Не только высокое и низкое встречались на школьной сцене, вторя противопоставлению сакрального и светского таким образом, что сакрализовалось и низкое, и высокое. Кроме того, здесь очевидно явно выраженное противопоставление высокого и низового барокко. Именно низовое барокко, черты которого проступают в интермедиях, утверждало светскость школьного театра, высокое же поддерживало его сакральность.

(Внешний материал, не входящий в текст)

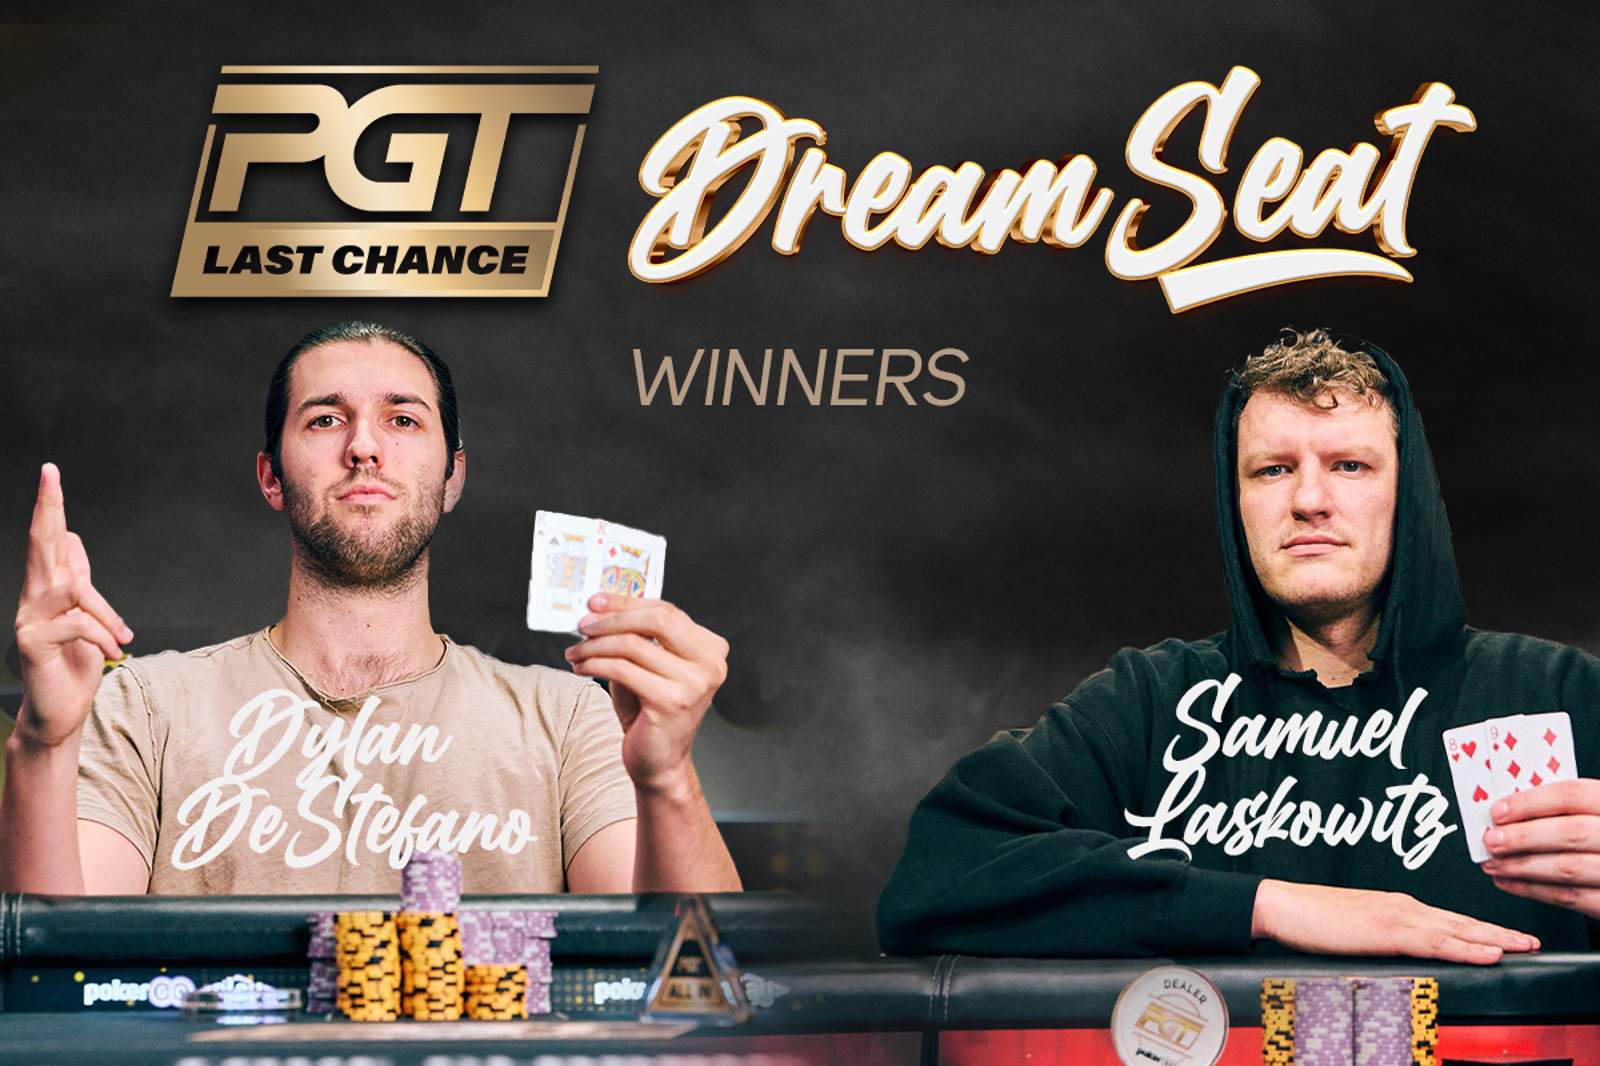 Samuel Laskowitz and Dylan DeStefano Win PGT Last Chance Dream Seats
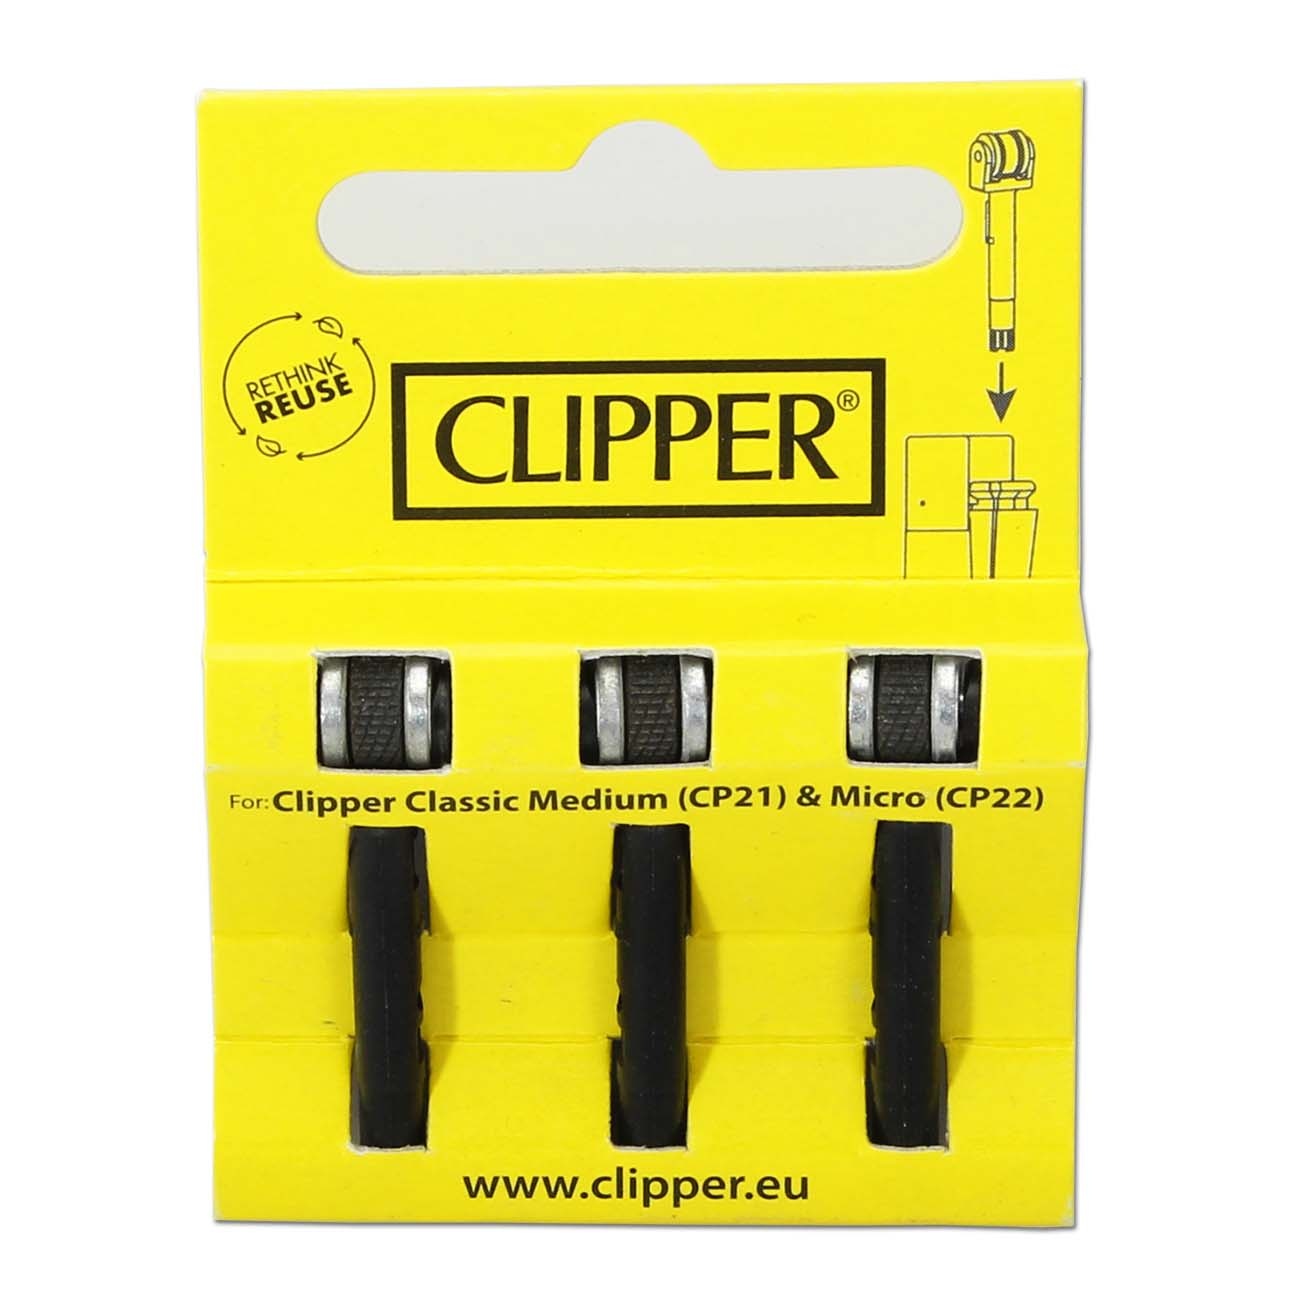 Кремень для зажигалки Clipper Micro Child-proof

Для украинской культуры были характерны «контрастные динамические отношения <…> явлений низового барокко с высокой литературой и культурой» [Мочалова, 1979, 231]. На них основано противоречивое единство многих школьных пьес. По правилам высокого барокко эти пьесы изобиловали антитезами, сложными фигурами, построенными на сравнении: «легкое яблко – бремена тажкии»; оксюморонами: душа скорбит в аду, где «мразомъ греетъ, огнем мразит». В монологах постоянны переходы от вещного к абстрактному. Фигура Невинности, описывая смерть невинно убиенных вифлеемских младенцев, рассказывает о том, как из их крови была сшита порфира, а бисер материнских слез украсил их венец. Школьные пьесы изобилуют названиями редких экзотических растений, драгоценных камней, как в пьесе о св. Екатерине [ «Declamatio de S. Catharinae Genio»]. Здесь рассыпаны перлы, адаманты, упоминаются кипарисы, рифмующиеся с нарциссами. Школьный театр не удержался на такой высокой ноте и отдал дань низовому барокко. Он не отказался от барокко высокого, но, снижая его темы, как темы Фортуны или Смерти, переводил в низовое. Можно привести пример подобных манипуляций.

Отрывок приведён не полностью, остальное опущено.